30 Eylül 2016 Cuma

Sol, yeniden işçi sınıfının ellerinde yükselmelidir!

Sol, yeniden işçi sınıfının ellerinde yükselmelidir!

Sol üzerine birçok yazı okumuş ve hatta bir bölümünüz yazmıştır. Sol bir umudu simgelediği için konulara konu olur, çünkü solun dışında yer alanlar umutları söndürmek ve var olanın devamından yanadırlar. Sol yeniden yaratır, alın teri ile oluşturur, alın yeri her daim fabrikada, tarlada akacak değildir, yeri gelir barikatta, yer gelir omuz omuza kavga ederken. Solun sembolü alın teridir. Alınterisiz elde edilen şey sola yakışmaz, solcuya hiç yakışmaz! Ne yazık ki zaman değişti, liberal dünya da alın teri hoş görünmemeye başlandı, çalmak, yalan söylemek, dolandırmak genel geçer kabul gördü. Her şeye bir kulp bulundu, her şey yaratılan gerçeklikler ile anlatılır ve anlaşılır kılınmaya başlandı. Sol yeniden özüne dönmeli, yeniden işçi sınıfının elleri üzerinde yükselmeli, yeniden bütün ülkeleri işçileri birleşin, sizi yok etmeye çalışanlara karşı barikatlara diye haykırmalıdır. Sınırları ancak sol yok edecektir, sol en altakilerini birleştirir, sermayeyi değil!

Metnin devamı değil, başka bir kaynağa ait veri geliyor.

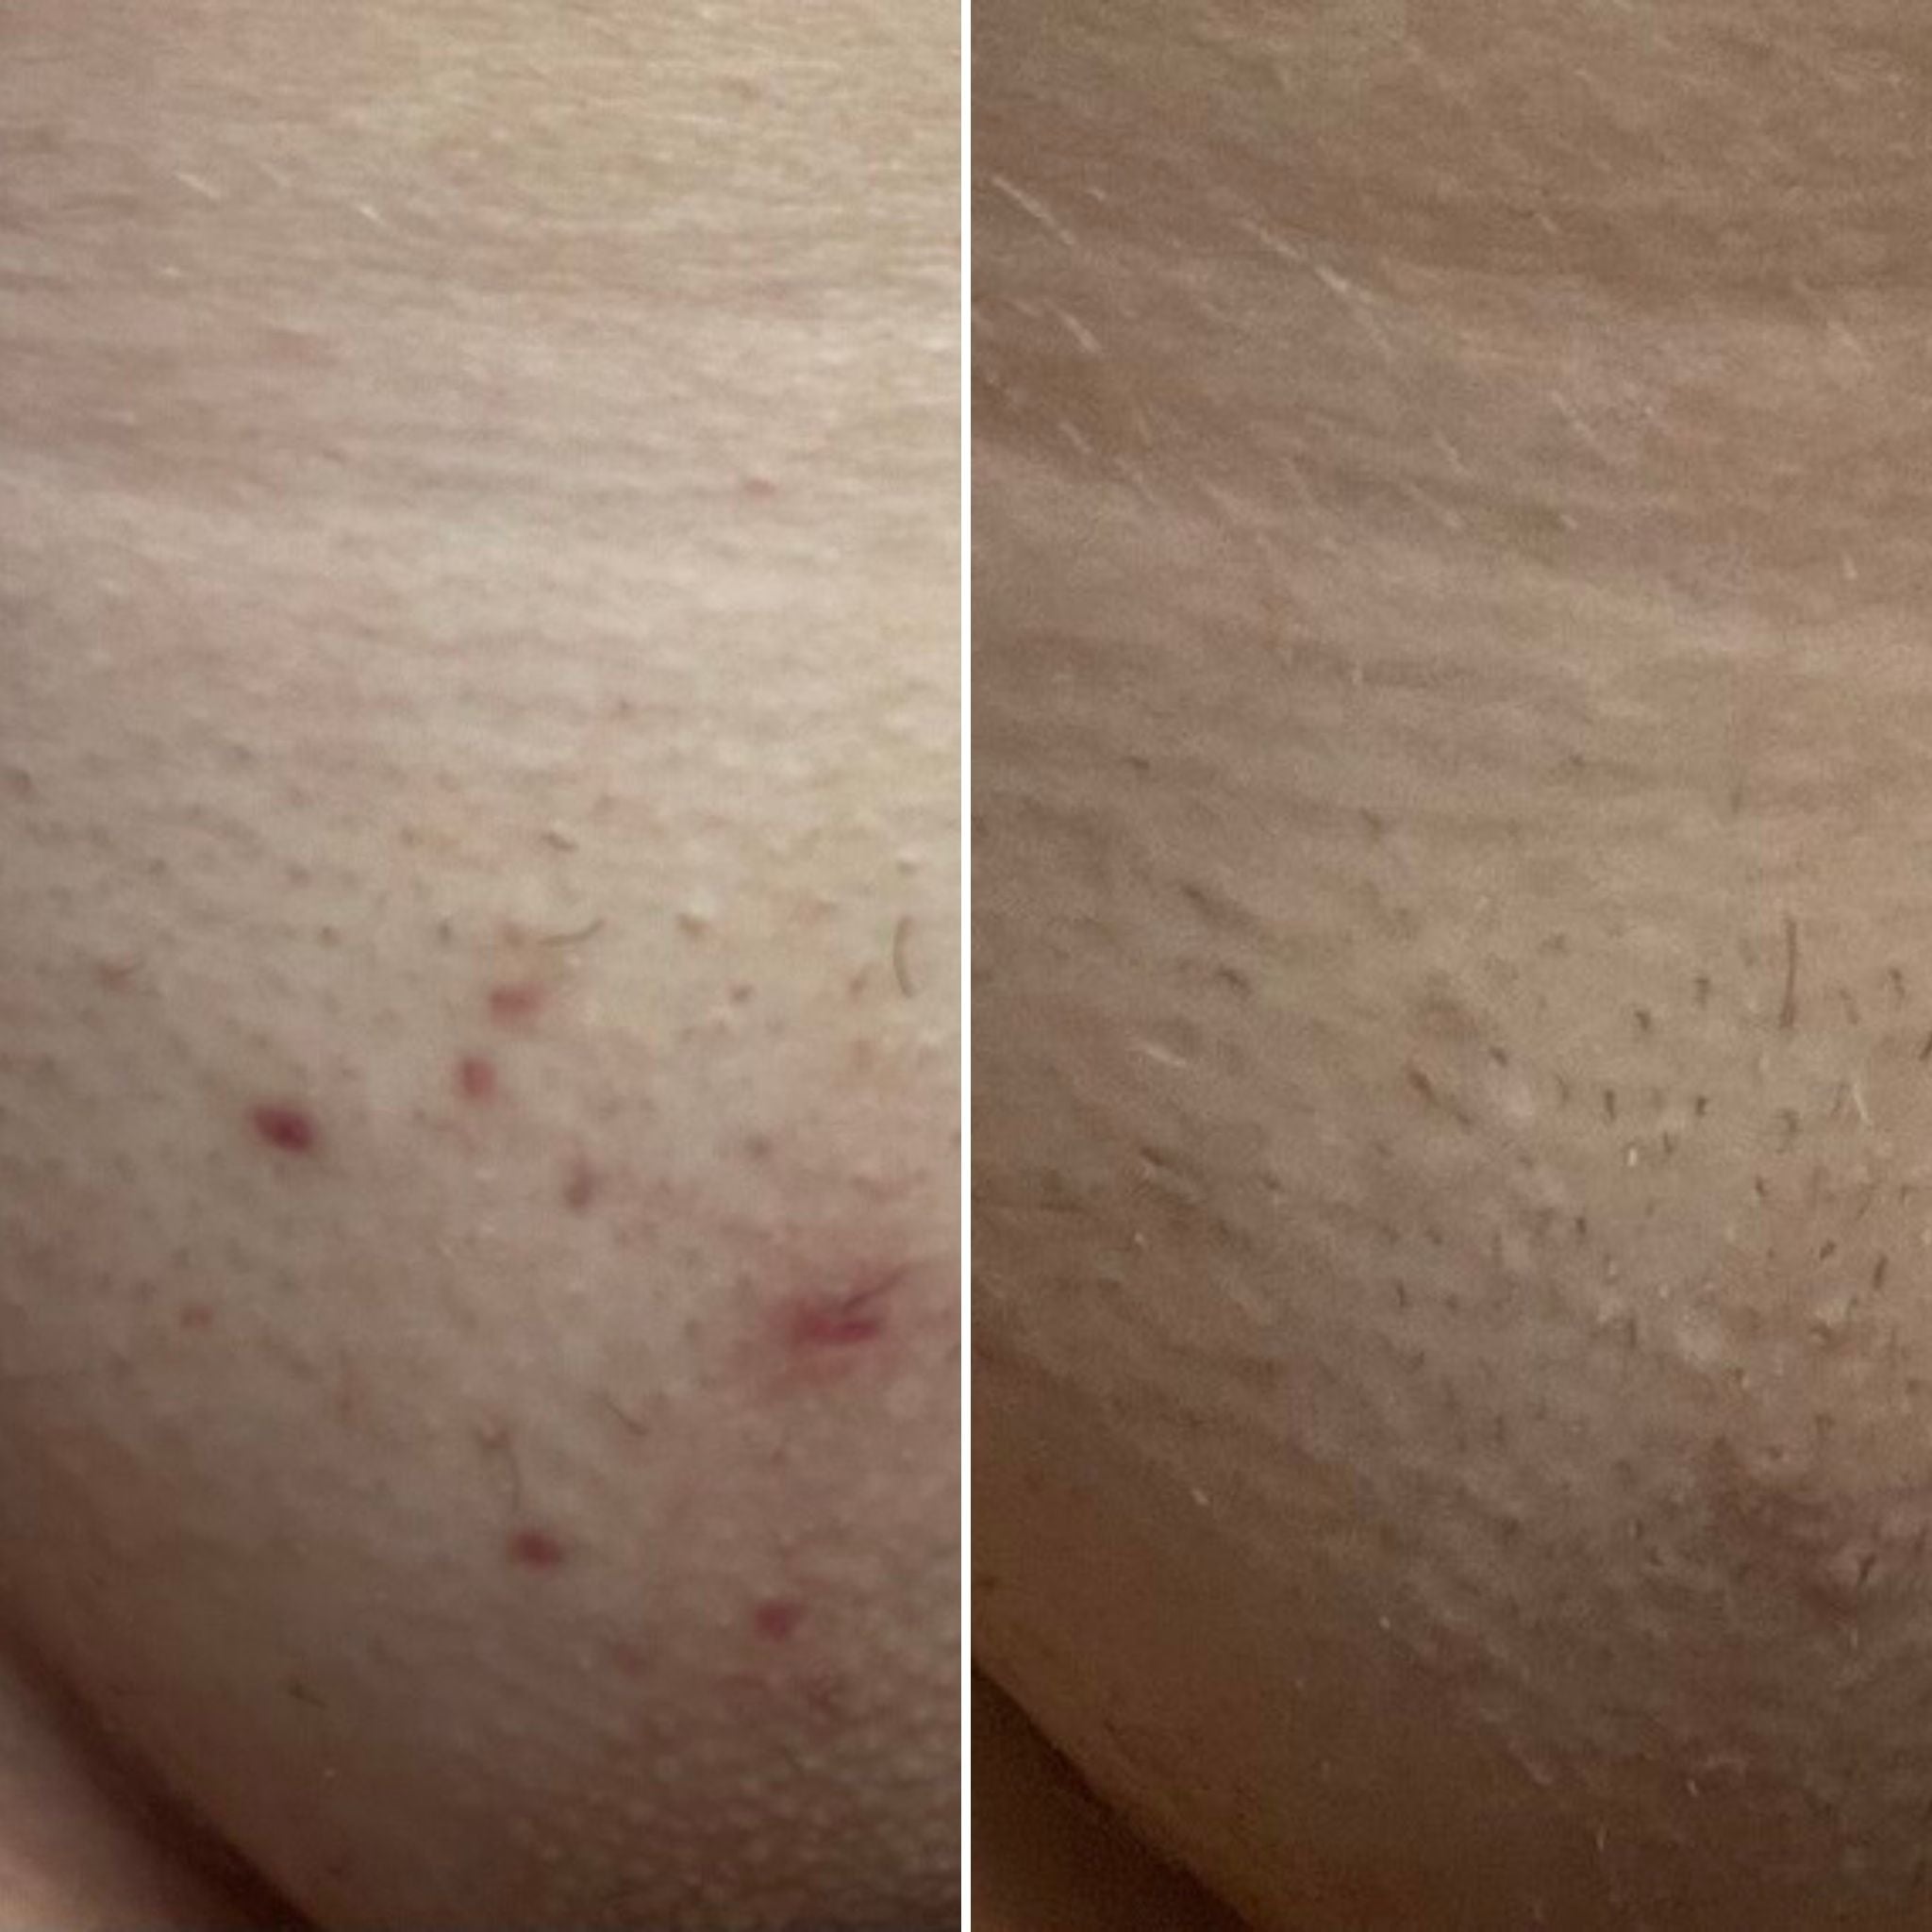 BEfore and after using Bushbalm ingrown hair on thigh

Bütün ülkelerde ne yazık ki solcuların kafası çok karıştırıldı, elde ettikleri tüm değerler liberal ekonomin yarattığı yapay gündemler ve algılar ile ve sol içinde işbirlikçiler ile teker teker kaybedildi. O kadar karışıklı yaratıldı ki, işçi sınıfının eneği ile yarattığı sendikalar kağıttan bir yapıya dönüştürüldü, sermaye istediğini alırken, sendikalar işçi sınıfına akıl vermeye kalktı, ayağa kalkma dedi, çünkü devletin bekası için!

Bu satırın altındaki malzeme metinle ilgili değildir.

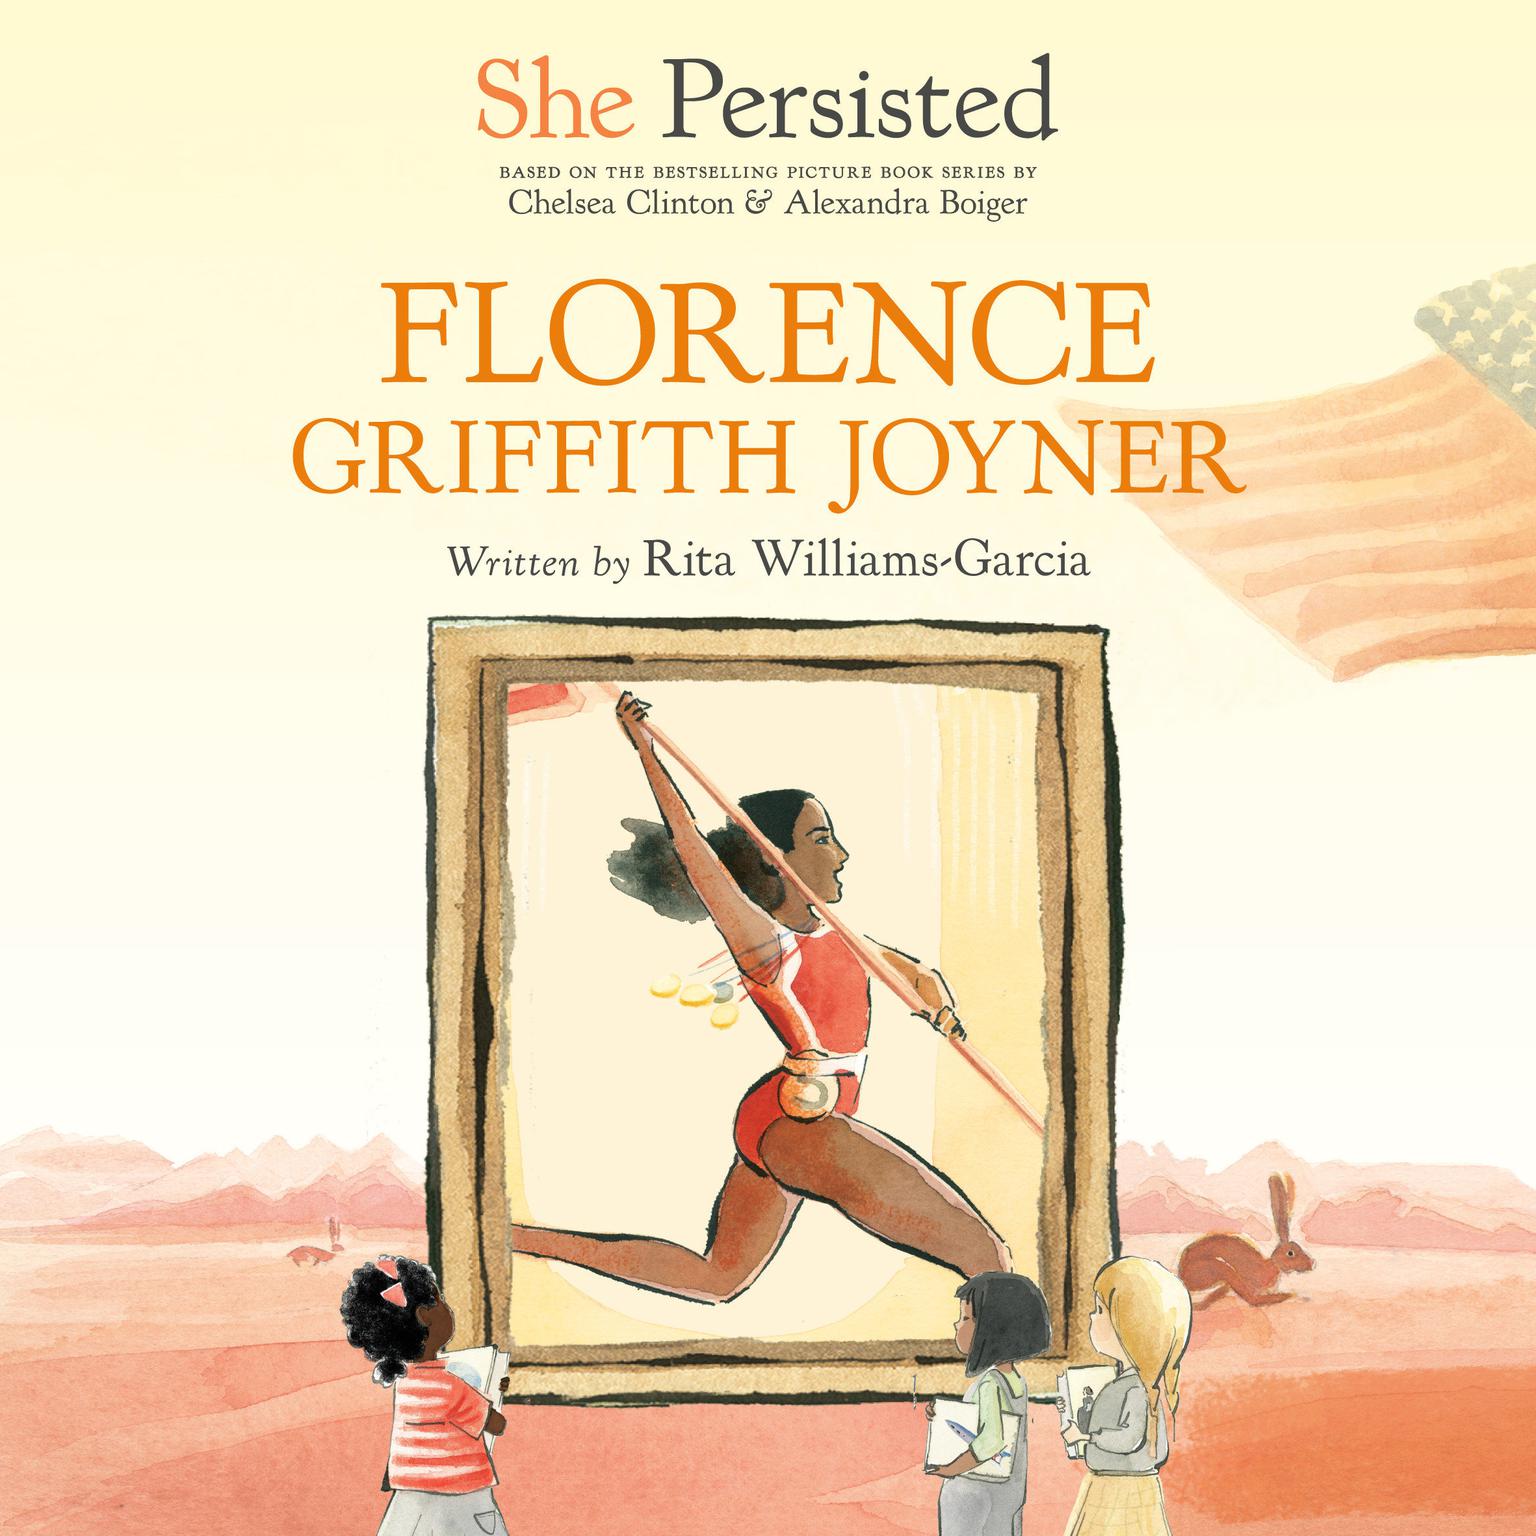 She Persisted: Florence Griffith Joyner Audiobook, by Rita Williams-Garcia

Dünyada ki solcular gibi Türkiye solcusunun da kafası çok karışık, çok karışık olduğu içinde birçok soruya net yanıt veremiyor, veriyormuş gibi yapıyor...

Ülkemizin öznel sorunu gibi duran bir adı konulmamış ama müzakere massı devrilen iç savaş vardır.Yaşadığımız iç savaştan dolayı en önemli mesele, yurtseverlik ya da vatanseverlik kavramı sürekli gündemde duruyor. Vatan sevgisini ülke birliği ve bütünlüğünü korumaya mecbur jandarmanın zihni ile karıştırılanlar, diğer kesim ise ben jandarma değilim birisi ayrılmak istiyorsa ayrılsın diyerek sorgusuz sualsiz destekleme ve hatta onların safında savaşma olarak algılıyor... Bunların dışında olan alternatifler genel kabul görmüyor, çünkü toplum baskısı ve de devlet baskısı diğer alternatiflerin yaşaması için ortam yaratmıyor.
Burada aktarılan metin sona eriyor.